> _Exercise requirements_
Print exactly and only the lines that run from the one containing "企業紹介映像、近未系エレクトロ、dr無しの再生済みの波形" through the end of the material, please, omitting pictures.

> _Given information_
• • • • •
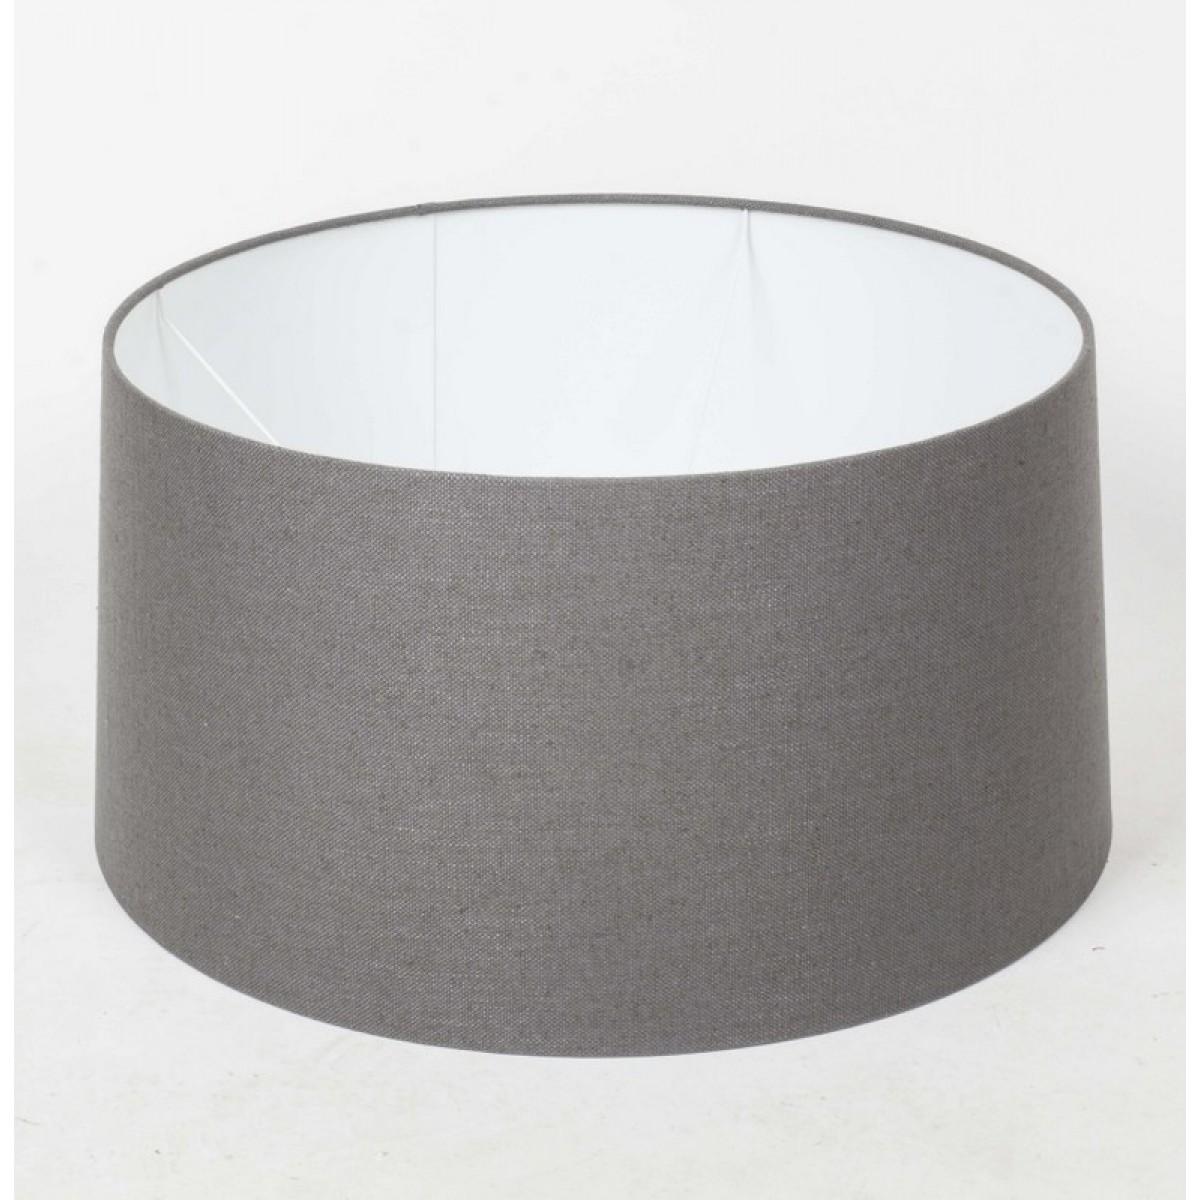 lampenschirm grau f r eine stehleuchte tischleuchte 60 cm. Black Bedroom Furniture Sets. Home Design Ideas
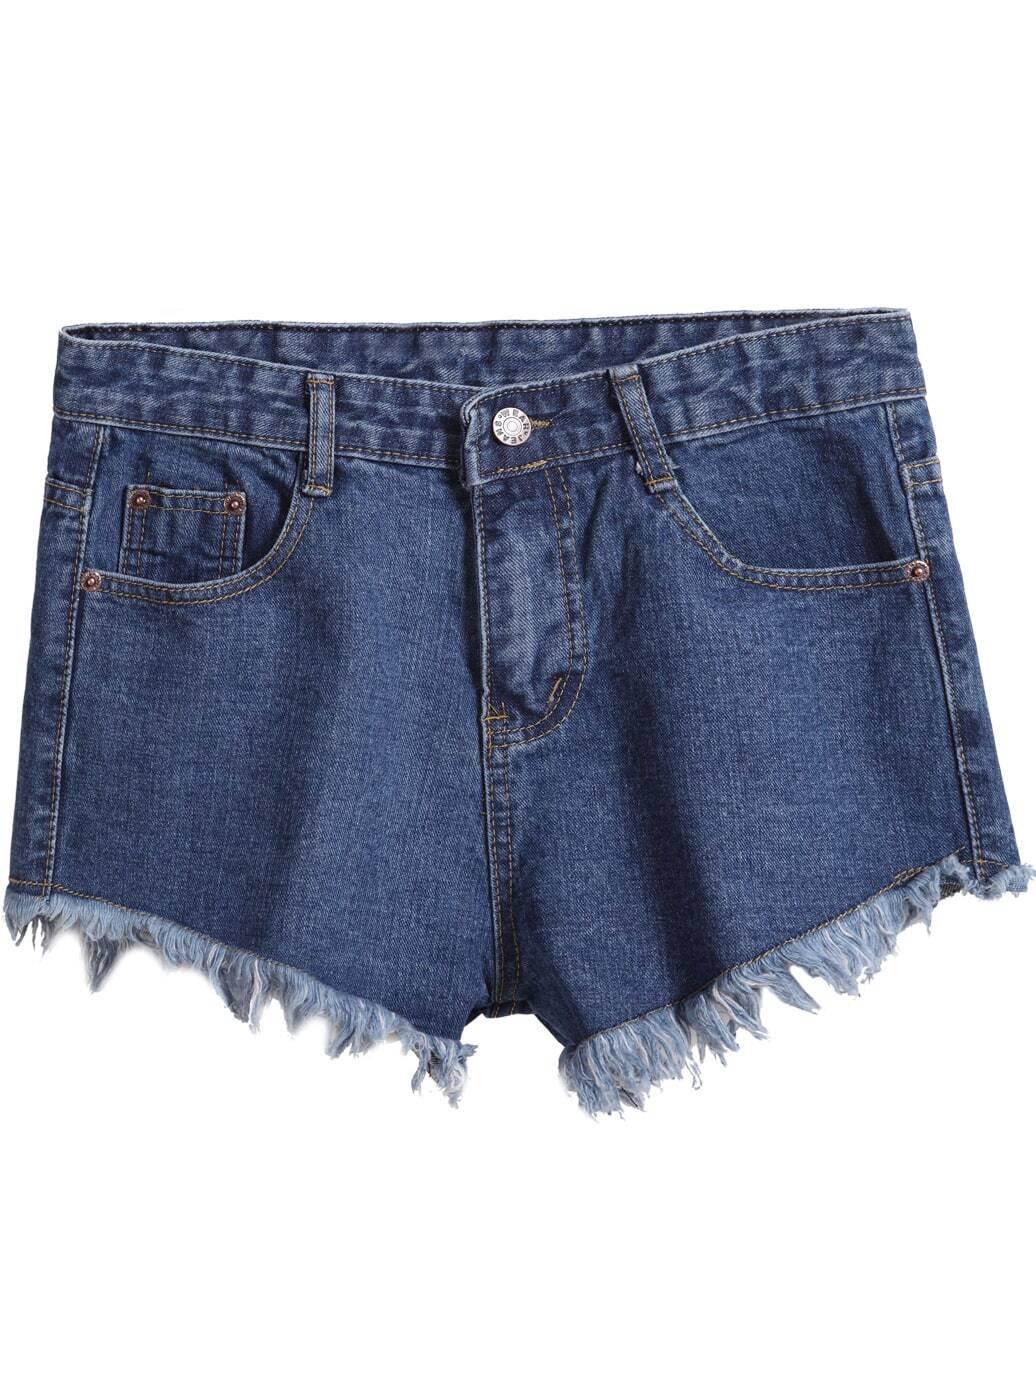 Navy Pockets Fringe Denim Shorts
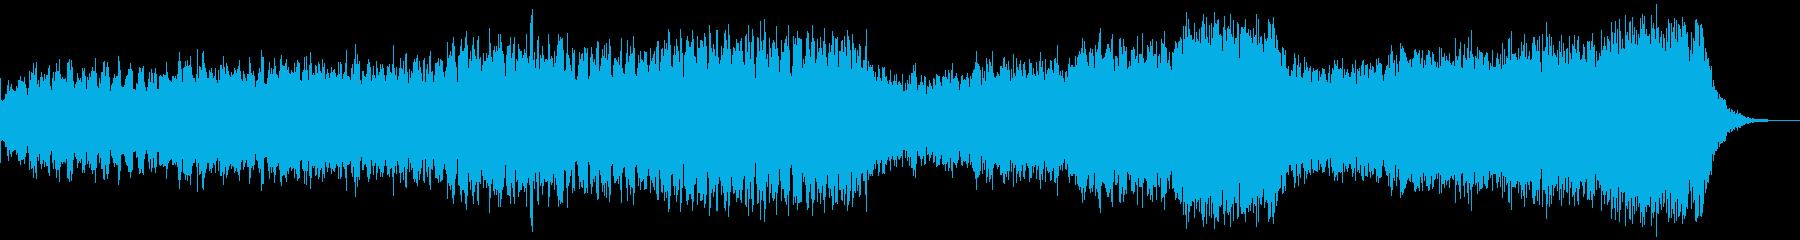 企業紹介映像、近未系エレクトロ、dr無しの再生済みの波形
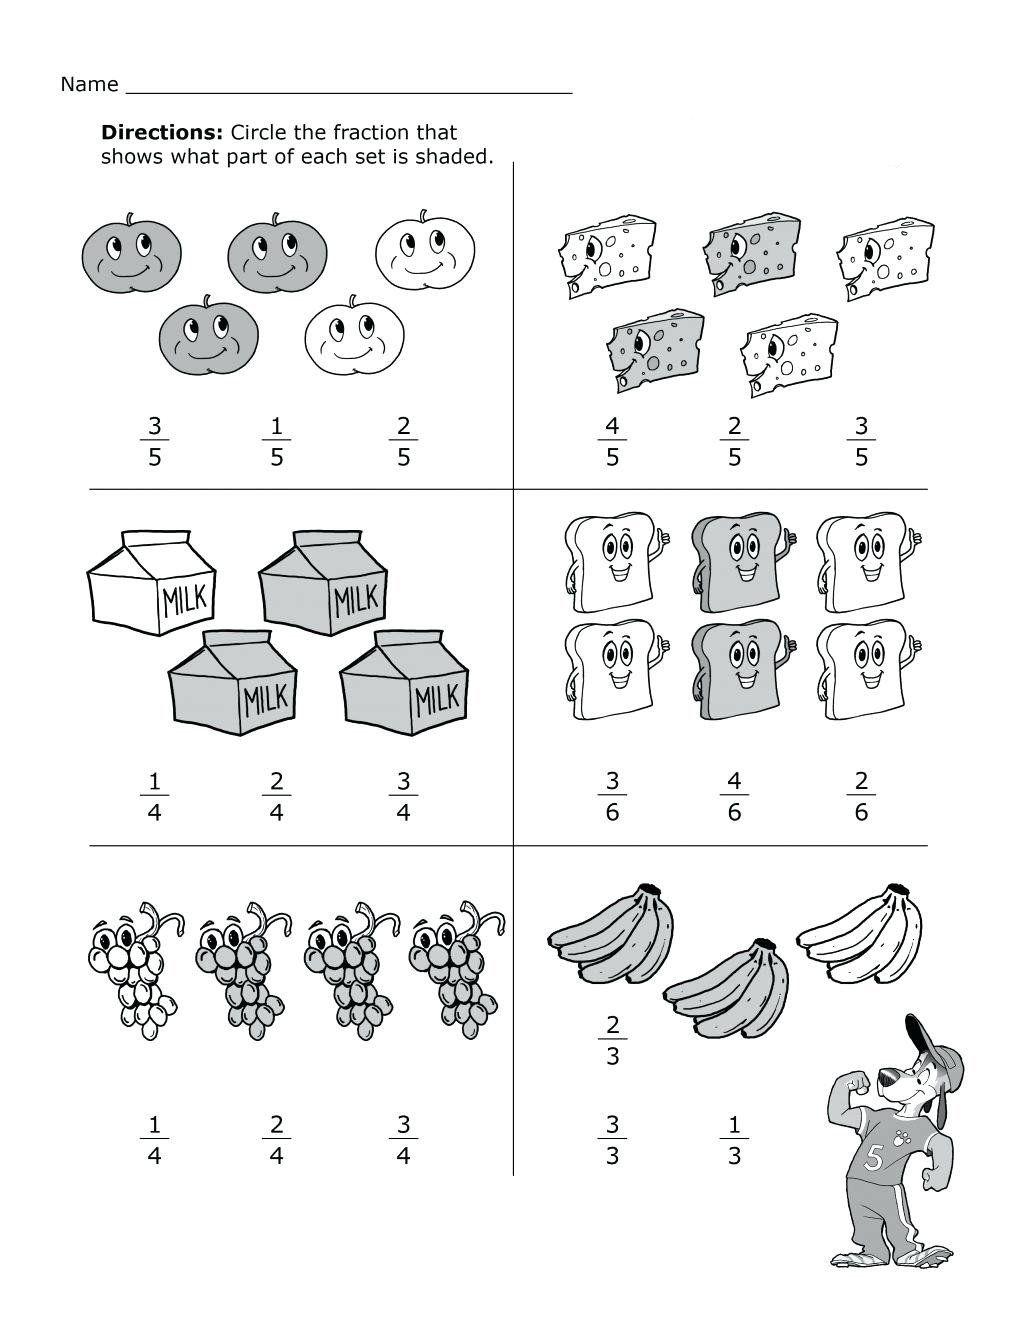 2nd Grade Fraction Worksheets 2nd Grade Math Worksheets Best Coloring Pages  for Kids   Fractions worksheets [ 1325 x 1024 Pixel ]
• • • • •
> _Written solution_
 企業紹介映像、近未系エレクトロ、dr無しの再生済みの波形
 2nd Grade Fraction Worksheets 2nd Grade Math Worksheets Best Coloring Pages  for Kids   Fractions worksheets [ 1325 x 1024 Pixel ]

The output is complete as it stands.